It is important to realize that the estimated parameters \(34.55\) and \(-0.95\) are a realization of two random variables – \(\widehat{a}\) and \(\widehat{b}\) (i.e., for another dataset, or another subset of the observations we would obtained different values of the estimated parameters). Thus, we are speaking about random quantities here and, therefore, it is reasonable to inspect some of their statistical properties (such as the corresponding mean parameters, variance of the estimates, or even their full distribution…).
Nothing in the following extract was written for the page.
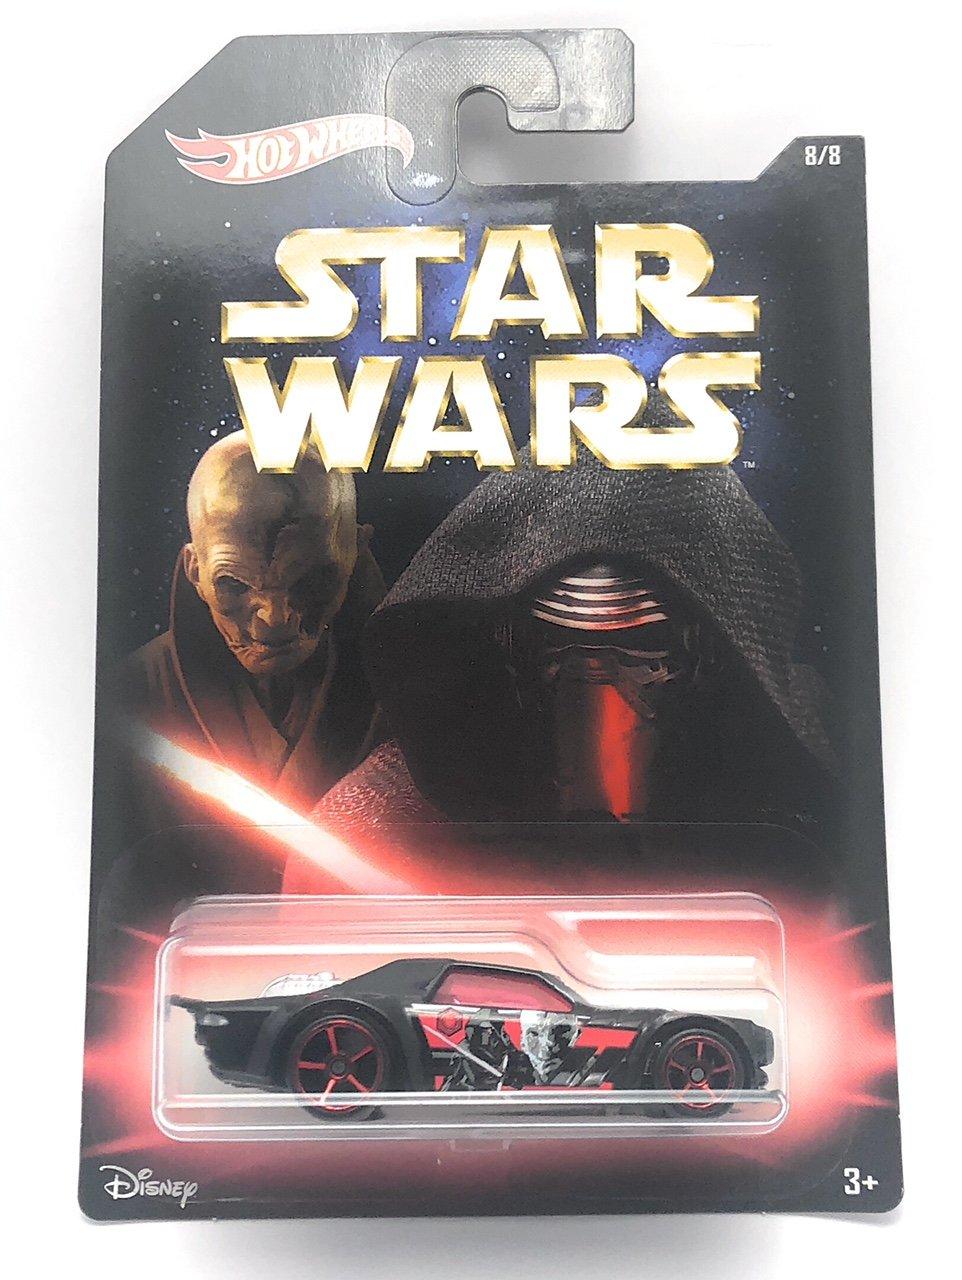 Hot Wheels Star Wars Variations 1//64 Scale Die Cast Cars 2//8 Master and Apprentice Asphalt Assault HW Series Diecasts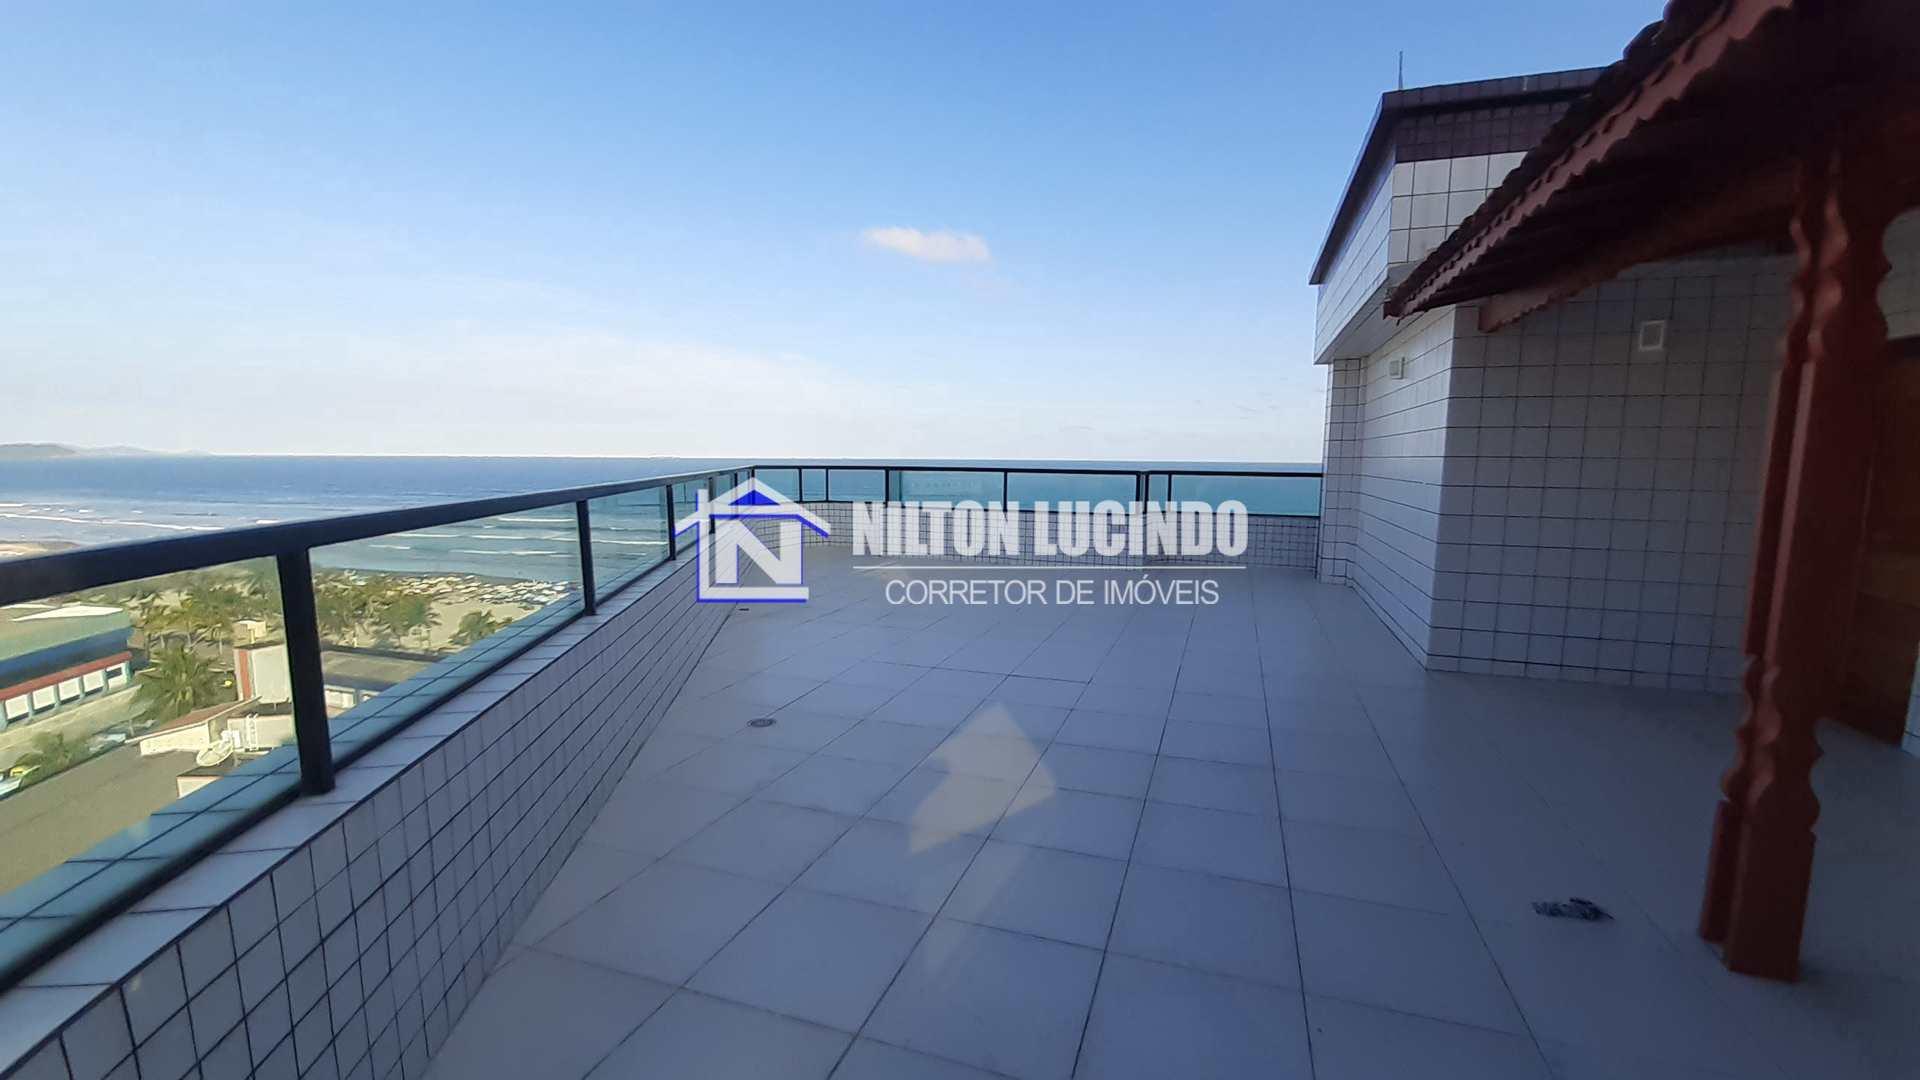 Cobertura com 3 dorms, Mirim, Praia Grande - R$ 400 mil, Cod: 10201

Under normality of error terms \(\varepsilon_i \sim \mathsf{N}(0, \sigma^2)\), we know that \(Y_i | X_i \sim \mathsf{N}(a+bX_i, \sigma^2)\). Moreover, due to \[ w_i := \frac{X_i - \overline{X}_n}{\sum\limits_{j=1}^n\left(X_j - \overline{X}_n\right)^2}, \qquad \widehat{b} = \sum\limits_{i=1}^n Y_i w_i, \qquad \widehat{a} = \overline{Y}_n - \widehat{b} \overline{X}_n = \sum\limits_{i=1}^n Y_i \left(\frac{1}{n} - w_i\overline{X}_n\right) \] we obtain \[ \left. \begin{pmatrix} \widehat{a} \\ \widehat{b} \end{pmatrix} \middle| X_1, \ldots, X_n \sim \mathsf{N}_2\left( \begin{pmatrix} a \\ b \end{pmatrix}, \; \frac{\sigma^2}{\sum\limits_{i=1}^n(X_i - \overline{X}_n)^2} \begin{pmatrix} \frac{1}{n}\sum\limits_{i=1}^n X_i^2 & -\overline{X}_n \\ -\overline{X}_n & 1 \end{pmatrix} \right) \right. . \] Hence, natural estimator of the variance-covariance matrix is obtained by plugging-in the estimate (the residual standard error) for \(\sigma^2\) based on residual sum of squares: \[ \widehat{\sigma}_n^2 = \frac{1}{n-2} \sum\limits_{i=1}^n\left(Y_i - \widehat{a} - \widehat{b}X_i\right)^2. \]
Some of the statistical properties (i.e., the empirical estimates for
the standard errors of the estimates) and other useful quantities (\(R^2\) statistic and \(F\)-statistic) can be obtained by
summary():
(sum.lm.fit <- summary(lm.fit))
##
## Call:
## lm(formula = medv ~ lstat, data = Boston)
##
## Residuals:
## Min 1Q Median 3Q Max
## -15.168 -3.990 -1.318 2.034 24.500
##
## Coefficients:
## Estimate Std. Error t value Pr(>|t|)
## (Intercept) 34.55384 0.56263 61.41 <2e-16 ***
## lstat -0.95005 0.03873 -24.53 <2e-16 ***
## ---
## Signif. codes: 0 '***' 0.001 '**' 0.01 '*' 0.05 '.' 0.1 ' ' 1
##
## Residual standard error: 6.216 on 504 degrees of freedom
## Multiple R-squared: 0.5441, Adjusted R-squared: 0.5432
## F-statistic: 601.6 on 1 and 504 DF, p-value: < 2.2e-16
We can use the names() function in order to find out
what other pieces of information are stored in lm.fit.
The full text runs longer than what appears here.